International and local airlines operating in Nigeria are facing a  tough time as the present government policy to limit the use of first class and business class tickets by ministers, permanent secretaries and some heads of parastatals, reduces revenues, inside sources say.

This is in line with the government’s expectation of a 20 percent reduction in air travel expenditure, as the figure of N64 billion expended on travels in 2015 by government officials is considered outrageous.

Speaking with select journalists after a special event hosted by the Lagos Business School (LBS) at the weekend, Kemi Adeosun, Nigeria’s Finance Minister said government is determined to embark on cost cutting measures that would involve direct bulk purchase of tickets from the airlines, as government plans to reset the country’s economy, with her ministry as the arrow-head.

Adeosun said the efficiency unit in the ministry has made some strides, including “reduction of procurement opaqueness within FGN, providing cost savings guidelines to the government and additional innovations will be unfolded in the next few months, such as online procurement system for travel, basic goods and other services- using vetted suppliers and a clear accounting /approval system.

“Also, the airlines’ predicament is further aggravated by preferences of most travellers for economy class tickets in consonance with the present economic realities.”

However, experts in the aviation sector say this development may affect airlines’ revenue, especially foreign airlines which charge an average sum of N2million on their first class section, for trips outside the country.

“I noticed that the first class seats at the Virgin Atlantic a few days ago were empty, while the business class and the economy class were relatively full, unlike what we had before now, where the first class is usually full,” a frequent traveller on the Lagos-London route who craved anonymity, told BusinessDay.
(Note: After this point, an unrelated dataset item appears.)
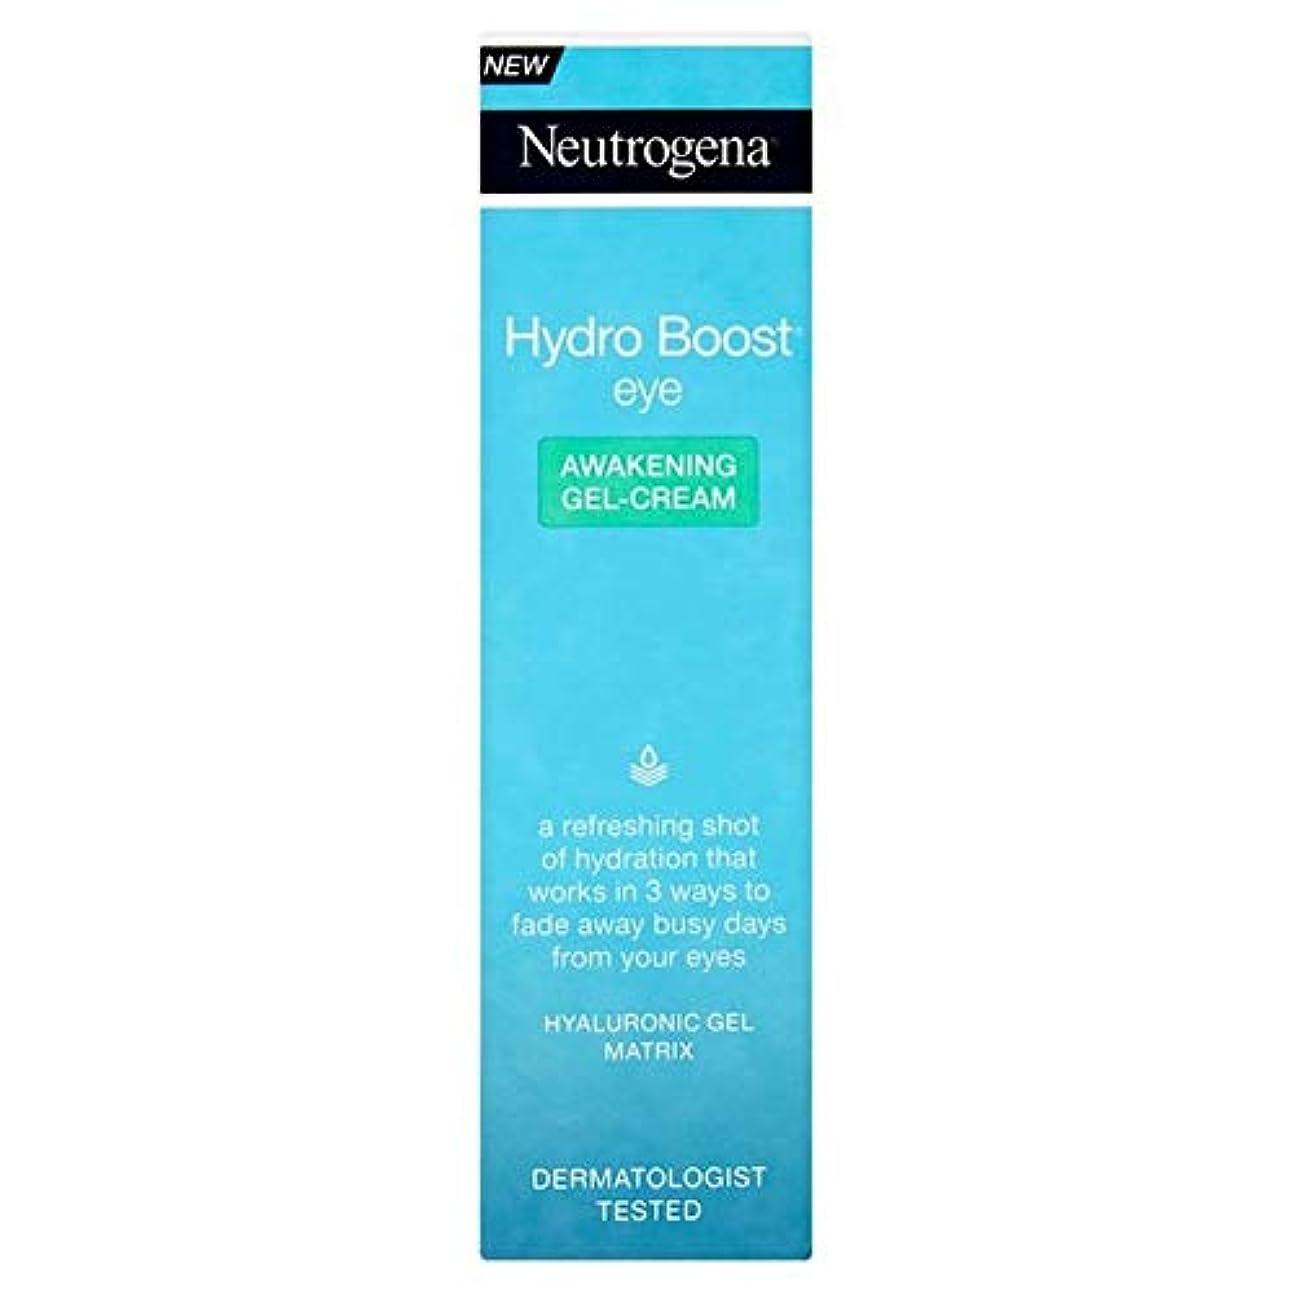 私達提供ウォルターカニンガム[Neutrogena ] ニュートロジーナハイドロブーストアイ覚醒ゲルクリーム15Ml - Neutrogena Hydro Boost Eye Awakening Gel-Cream 15ml [並行輸入品]

Our source said the business class of a British Airways flight  was likwise virtually empty about three weeks ago, when he travelled on the airline.

Kola Olayinka, British Airways commercial manager, told BusinessDay that though the government policy is affecting airlines, especially international airlines, they have to comply with the policy in good faith and see how else to make revenue to cushion the effec.

“Anything that changes the equilibrium of customers will affect us. But this is a government’s decision and we have no choice in the matter. We have to go back to the drawing board and see how else to re-strategise,” Olayinka said.

He added that despite the government’s policy, business men and women who previously flew with British Airways first class have remained loyal to the brand because of what the airline offers  them.

Femi Adeniji, Chief Operations Officer, Tropical Arctic Logistics Ltd, a helicopter Logistics firm told BusinessDay that government’s policy on reducing  travel expenses is a good gesture, as it will reduce unnecessary expenditure and wastages and will enable the government to raise funds to addressing more pressing issues in the country.

Adeniji however, explained that if the airlines involved are able to re-strategise properly, the effect might just be minimal. “The first class and business class are minimal to the economy class. The business people can still travel first class if they have the money and value the advantages accrued to flying first class,” Adeniji said.

In the same vein, experts in the aviation sector say the current forex policy of  government, and resulting shortage have caused an unparalleled increase in airfares from Nigeria to other countries and the effect may stunt the growth of the industry.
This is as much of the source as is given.